Dear Lifeboat Readers,
I am a member of the Neuroscience Scientific Advisory Board at the Lifeboat Foundation and have recently posted to the BioPreserver Program page (please read the page replicated below).
I would like to initiate a conversation about expending more effort on preserving other species and their habitats. We are all understandably concerned about humanity’s survival and the Lifeboat Foundation is a testament to the numerous technologically advanced ways we can ensure our species’ survival in the future. However, I would like to hear from others who may be concerned that in our focus on our own survival we may not be doing enough for the myriad of other species with whom we share the planet. I would argue that there is less attention paid to the survival of our species’ moral integrity than there ought to be. Would it speak well of our species if we survived while everyone else (other species) disappeared? To put it bluntly, in the future, after having escaped numerous threats to survival, will we be able to look in the mirror as a species and like what we see?

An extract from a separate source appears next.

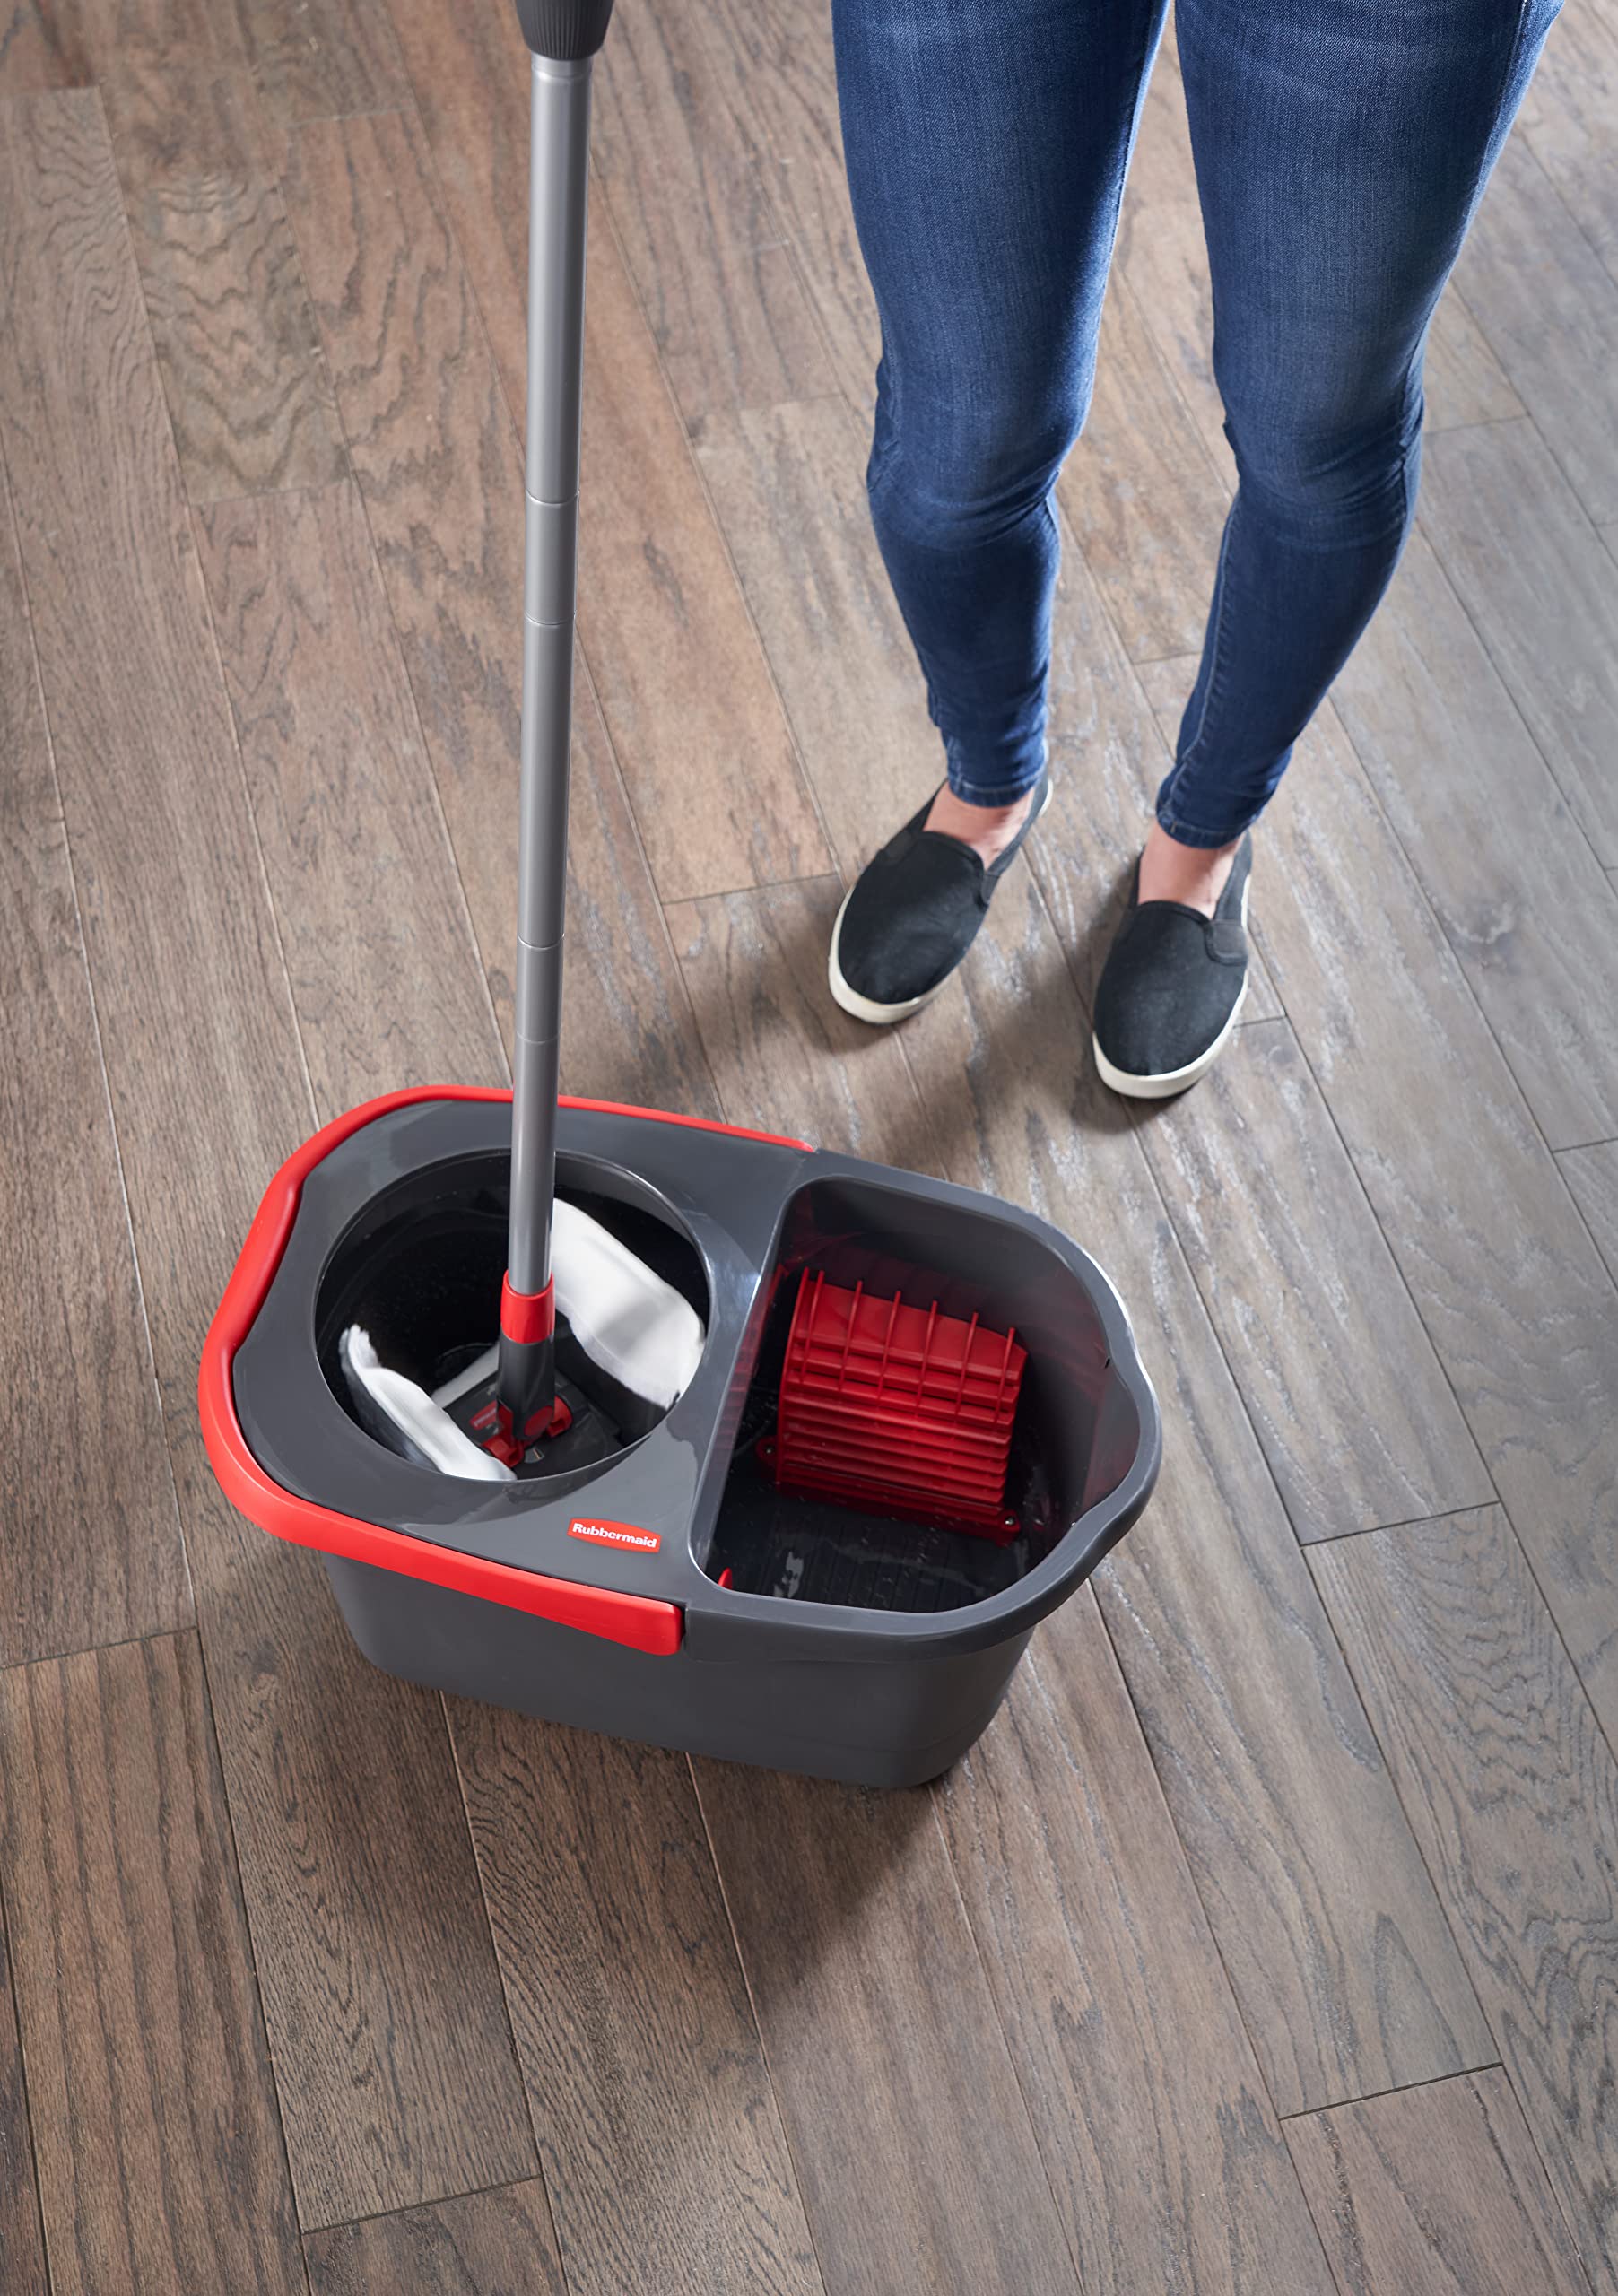 Rubbermaid Microfiber Flat Spin Mop Floor Cleaning System with Wringer Bucket, Red, Flat Floor Mop for Hardwood/Laminate/Vinyl/Tile/Stone Floors

For instance, with the current rate of losses, our closest living relatives, the chimpanzees, will be extinct in the wild in 50 years. The causes are indisputably anthropogenic. If we let this happen, what will it do to the morale and the psychological fiber of our species? The question of survival is not only a question of physical and psychological survival, but also survival of our integrity.
Continue reading “Preserving other species with whom we share the planet” »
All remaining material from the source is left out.